9.11.09
Listening to listening
In her book Deep Listening Pauline Oliveros provides a simple and useful distinction with which to begin thinking about listening:
"To hear is the physical means that enables perception. To listen is to give attention to what is perceived both acoustically and psychologically."
Here, rather than being synonymous terms, hearing and listening differ markedly. The first describes an automatic response to external stimuli: the conversion of physical sound waves into the neural signals that result in raw sensation. As such it's continuous, unconscious and occurrs whether awake, drowsy or in deep slumber. The second involves actively directing conscious attention towards sound, its acoustic properties, and the meanings, ideas and emotions embedded there-in.
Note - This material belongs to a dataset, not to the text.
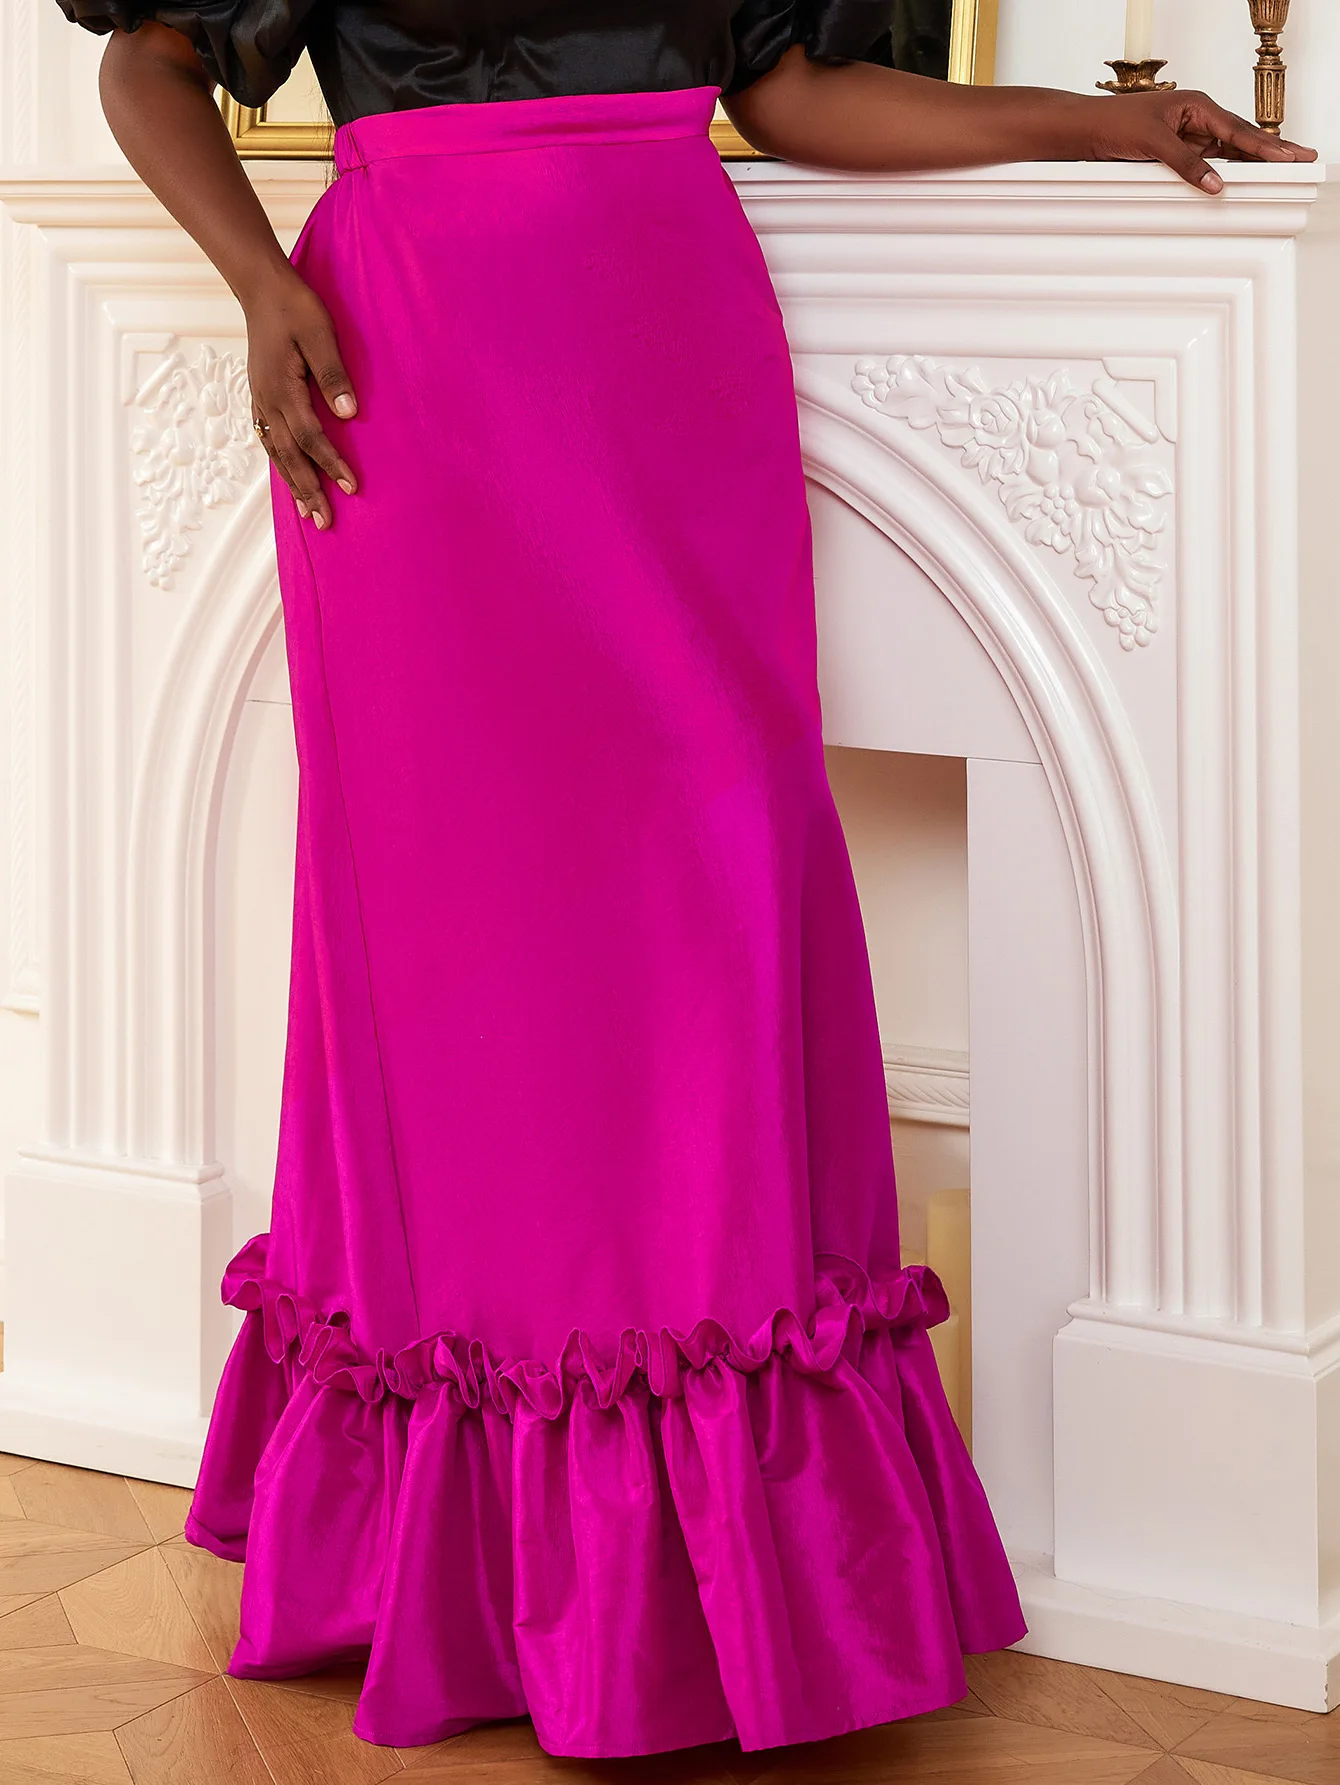 Fuchsia Long Skirts High Waist Shiny Loose Evening Party Cocktail Large Size Ruffles Floor Length Skirt for Ladies 3XL 4XL 2024 off shoulder maternity robes for photo shoot riered ruffles a line tulle pregnant women dresses floor length babyshower dresses

This distinction finds a metaphysics in Bergson's subtractive model of perception, which is expertly elucidated by Meillassoux during the course of his essay on Deleuze for Collapse III. Here matter is thought as a vast collection of images whose interaction is governed by the constant laws of nature. Accordingly perception is the relation between an image or set of images and the unusual image that is the human body. The relation is one of impoverishment, as Meillassoux puts it:
"The living is not primarily the emergence of the power of interested choice, but the emergence of the power of a massive disinterest in the real to the profit of certain rare segments of the latter, which constitutes the whole of perception."
Perception reduces the infinite complexity of the material world to a few 'rare segments' via two radically discriminatory selections, the first made by the body, the second by the mind. In audition, the body effectively 'chooses' to hear certain sounds - those of a particular amplitude and frequency, and not others - those that fall outside the perceptible ranges. The 'physical means' that comprise hearing for Oliveros omit more sounds than they permit.
But what happens to those sounds we do hear? Heard sound provides the material for a second subtractive selection. This choice is made by consciously attending to a specific sound or group of sounds, again at the cost of others. The 'Cocktail Party Effect' theorised by researchers organised around CRESSON is an everyday example of these choices. A soiree attendee's attention is drawn to a voluble exchange occurring on the room's other side; they actively choose this conversation as the object of listening and the general clamour remains just heard. The example speaks of the localising power of concentrated listening, the observable fact that it can ignore so much sound.
The 'Profit' accrued by the diminutive bit of reality listened to is, for Bergson, generated by the labour of memory. It's memory that guides our decision on what to listen to. Let's say for example that the conversation our lonely socialite tunes-in to involves his ex-girlfriend. She's openly expounding her theory of 'where it all went wrong'. Here it is the listener's personal history that has drawn him to these sounds in the first place and furthermore it is his memory that enables him to understand the language of what is being said. So where the first choice, that of hearing, is biologically determined and as equally distributed as the human body, the second, that of listening, is socio-culturally determined and as diverse as world cultures are. Cross-cultural Listening practices differ in two ways: firstly, by the listened to sounds: different peoples consider different sounds significant; and secondly by the meanings attributed to those sounds.